Lieber Leser:innen, dieser Beitrag ist Teil 5 der Themenreihe Schienensuizid.
Der vorhergehende Beitrag ist folgender: Wenn die Welt still steht. (Teil 4)

Ich ertappe mich ab dem Tag, als mein Bruder seinen Lebensatem aufgab, mehr und mehr dabei, wie ich meinen Atem anhalte, um der schmerzvollen Wellen zu begegnen, die immer wieder heranrollen. Es heißt nicht umsonst Lebensatem, denn ich gerate in eine Spirale aus wegdrücken, Leben-Anhalten, kämpfen und portionsweiser Akzeptanz dessen, was geschehen ist.
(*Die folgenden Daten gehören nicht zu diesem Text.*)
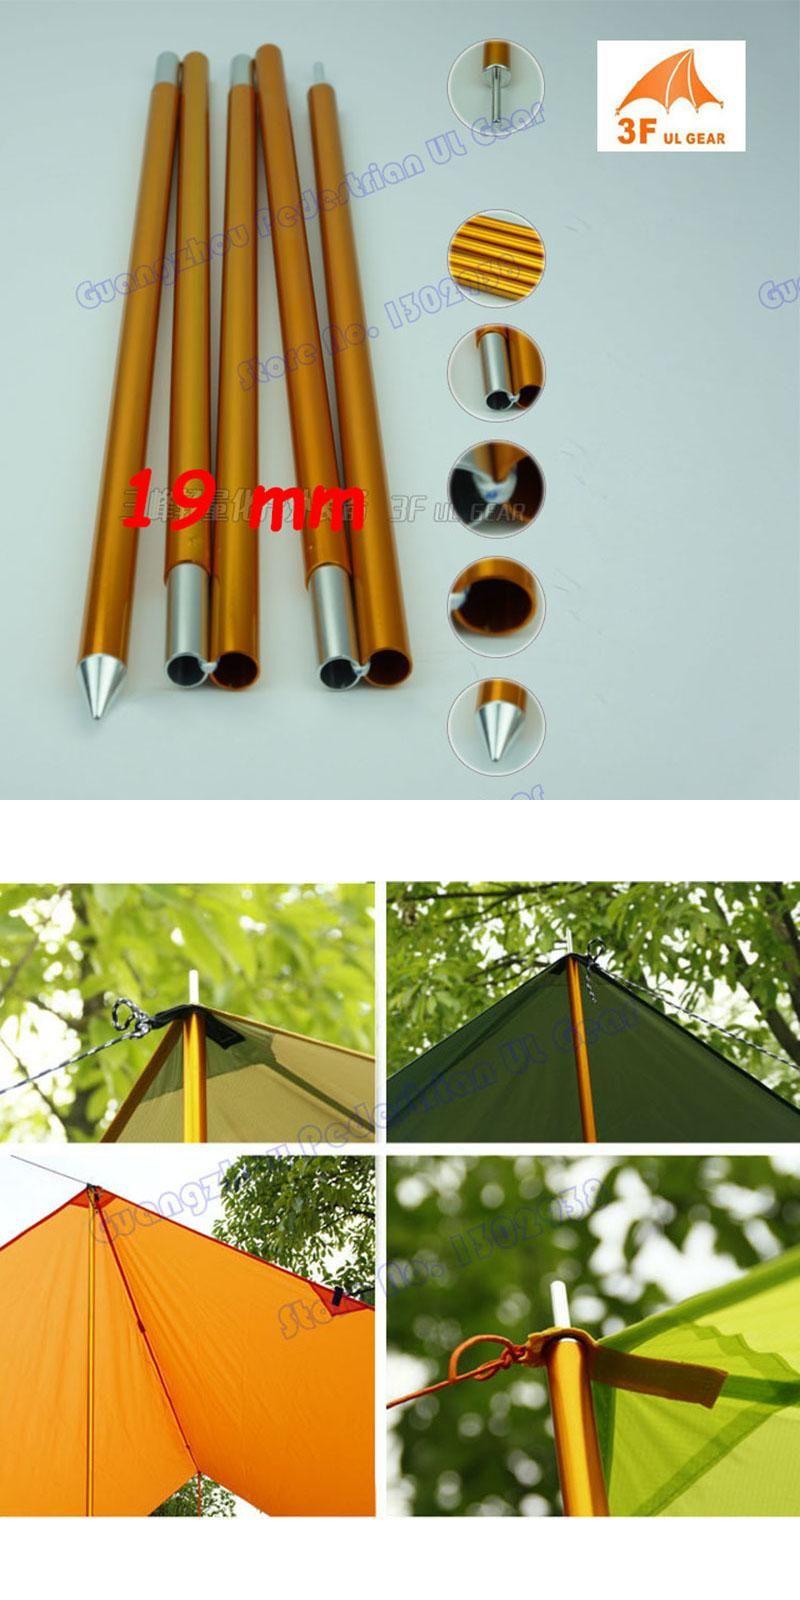 Visit To Buy 1 Pair Tent Tarp Sun Shelter Awning Canopy Poles 7075 Aluminum Ultralight Adjustable Support Poles 3f Ul Gear Adver Tent Tarp Awning Canopy Tableware

Welch‘ entlarvende Erkenntnis, dass durch völlige Verzweifelung ein Mensch sein Leben loslässt und ich es dadurch (trotzdem) nicht schaffe, meine Blockaden zu durchbrechen. Ebenso ist es mir unverständlich, warum ein so ausserordentliches Erlebnis das Bollwerk nicht zum Einsturz bringt – welche Kräfte halten alles zusammen? Wie muss man dem Begegnen? Ist es eine Typfrage? Also eine charakterliche Eigenschaft, ähnlich eines sortierten Kartenblattes, welches man auf die Hand bekommt, mit dem man nicht jede erdenkliche Gewinnerstraße auslegen kann? Oder liegt dem ein unbändiger Lebenswille zugrunde?